Updated: Nov 13, 2021

Basic graphic design goes into making a quality pin design that will attract the attention of your audience. If you miss the boat they are not going to look at it twice. The moment will have passed without anyone re-pinning your content.

When we think of pin creation we think oh something bright, with a quality image, and gripping text overlay. What if though things that should be, aren't.

Take a look at the pin below.

You will notice the lighter green text complements the lavender of the photograph. The photograph is centered and the subject matter balanced.

Now take a look at the same pin with a slight difference.

What you will notice no doubt is that the green text and text box are so light you can barely see them. Well who is going to be dumb enough to do that mistake. You would be surprised. Below you will see another similar issue that is all too common on pins.

You may say aside from the lavender and yellow not complementing each other what's so wrong here? The yellow text on white text is a big no-no. I mean really NO! It makes little contrast from the stark white of the background and quite frankly hurts the eyes to strain in reading it. So many pinners do this mistake.

The reverse of which can only be assumed that darker is better right? Wrong! The large white space when given pure black lettering can also strain the eyes. We aren't going for eye strain when creating an effective pin design. So color of text is a key point to consider.

If you're a Canva user that is one reason they have blended color palettes already made. If you use them when designing you will not complementary color patterns and it can aid you when you aren't quite sure if the design is right. Change the colors around but always remember yellow text on white is never a good idea.

Note the next pin.

There are two major issues with the design now. One as you likely have guesses is the alignment of the image itself. The women are so far from center and size has increased so much we don't really know what it is being shown. The image therefore no longer has relevance to the message.

Further the image is now lower right and there is so much white or grey space it's just boring. You want to make sure your images are relevant to the message and that they are centered properly.

The second problem with this pin is the text has shifted further up under the image and no longer is balanced. This leaves too great a white area between the overlay and the subtext. It's just wonky to the viewer. People find beauty in symmetry and this asymmetry of text design doesn't work well.
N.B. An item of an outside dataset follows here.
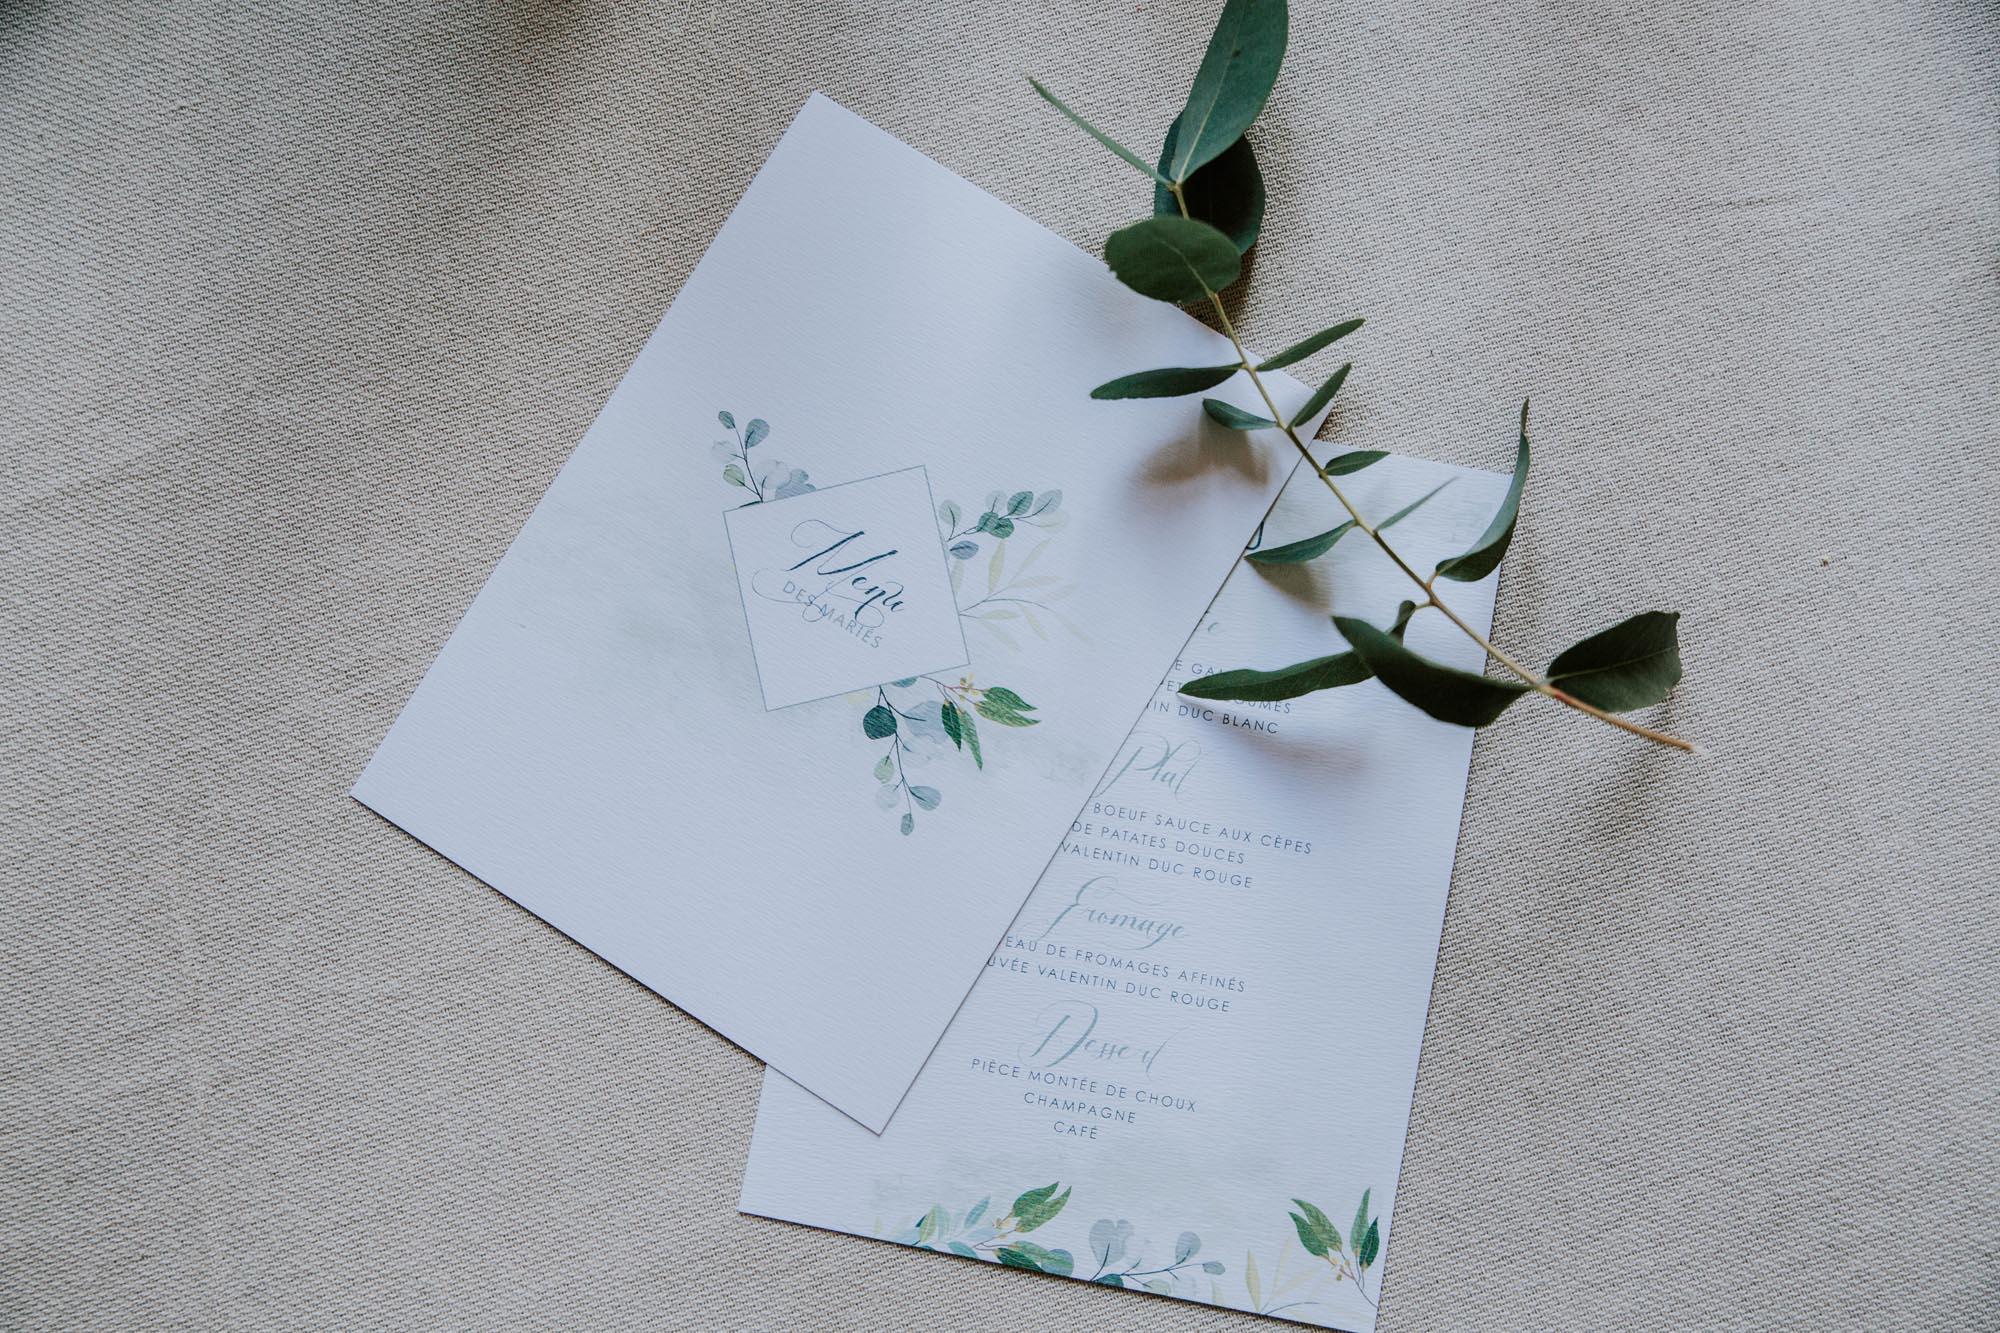 Menu table mariage végétal feuille eucalyptus

Lastly let's take a look at the pin below.

If you noticed the color scheme changed your right. Is it bad? Nope! The color palette is complementing the lavender of the yoga mats again so the color scheme is ok.

Well if you notice there are three fonts being used for the text. Now some say have no more than three fonts. However when was the last time you read material in any form that had three fonts jammed altogether? Not likely that it happens often if ever expect in a design someone has made. Why because it takes time for our mind to judge what we are reading and the changes in text can be so great that it makes it difficult.
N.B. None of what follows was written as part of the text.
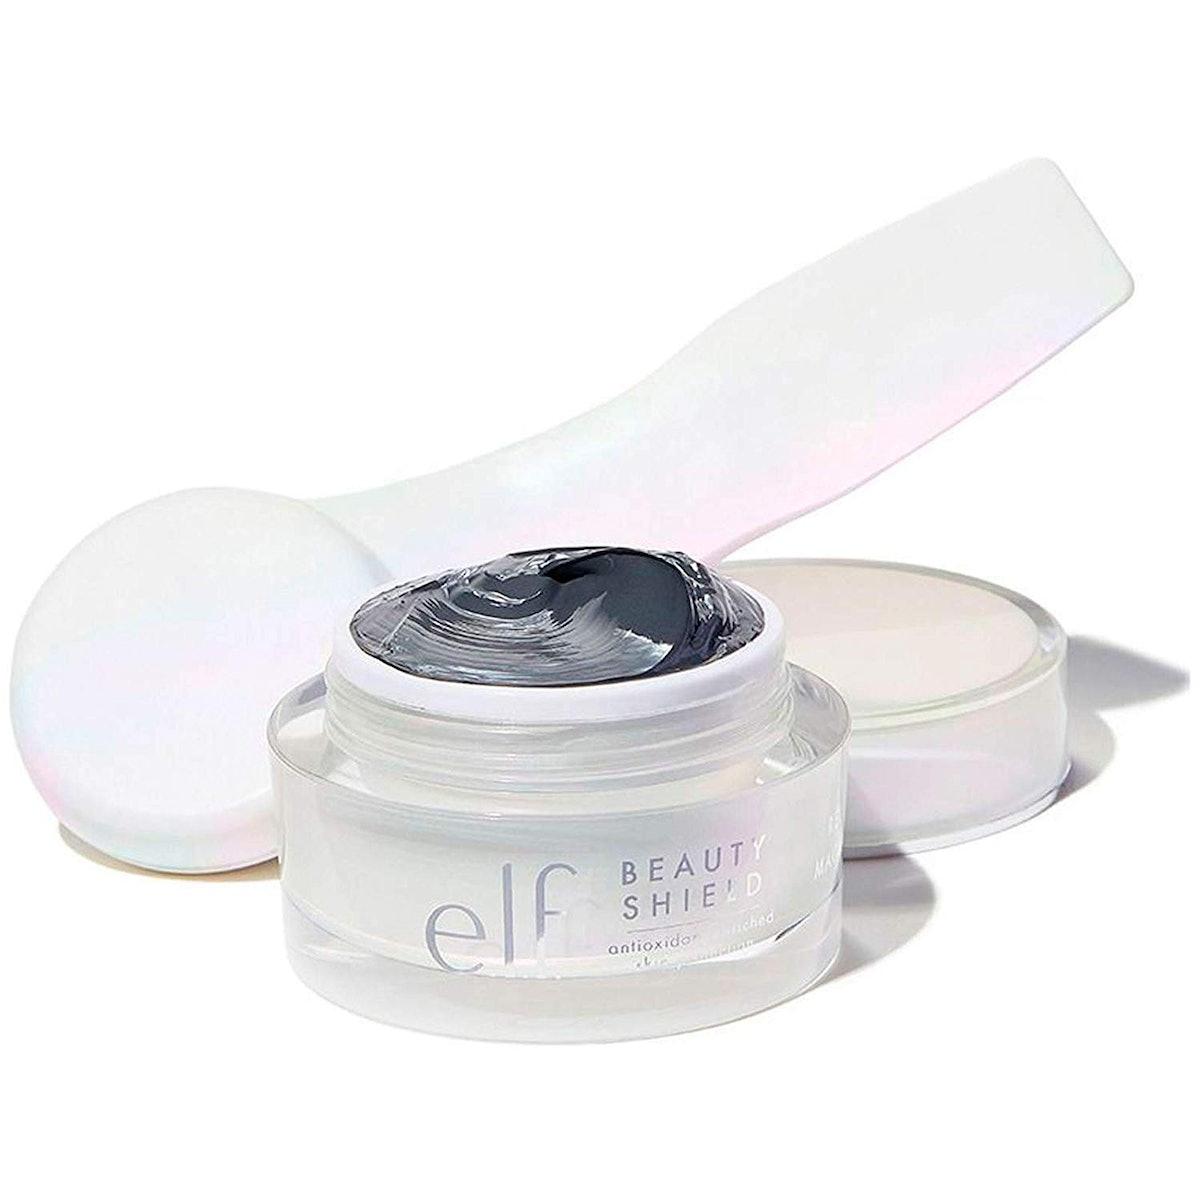 e.l.f Beauty Shield Magnetic Mask Kit

The other aspect to consider is just because you think you have the most perfect pin design and you love the pretty font does that make it loveable to everyone else? Not everyone can read the more fancy fonts. Also small type is harder for people with poorer eyesight to really be able to read.

So keeping all those points in mind when designing a pin can lead to higher traffic. Of course there is all the other SEO that goes along with a pins success and how many people see it blah blah. But the key here is that Pinterest is first and foremost a visual search engine and if you mess up your visuals you might as well call it a day.

Stay tuned for more about Pinterest and other social media marketing as I revive Blogatcha from a spring time slumber.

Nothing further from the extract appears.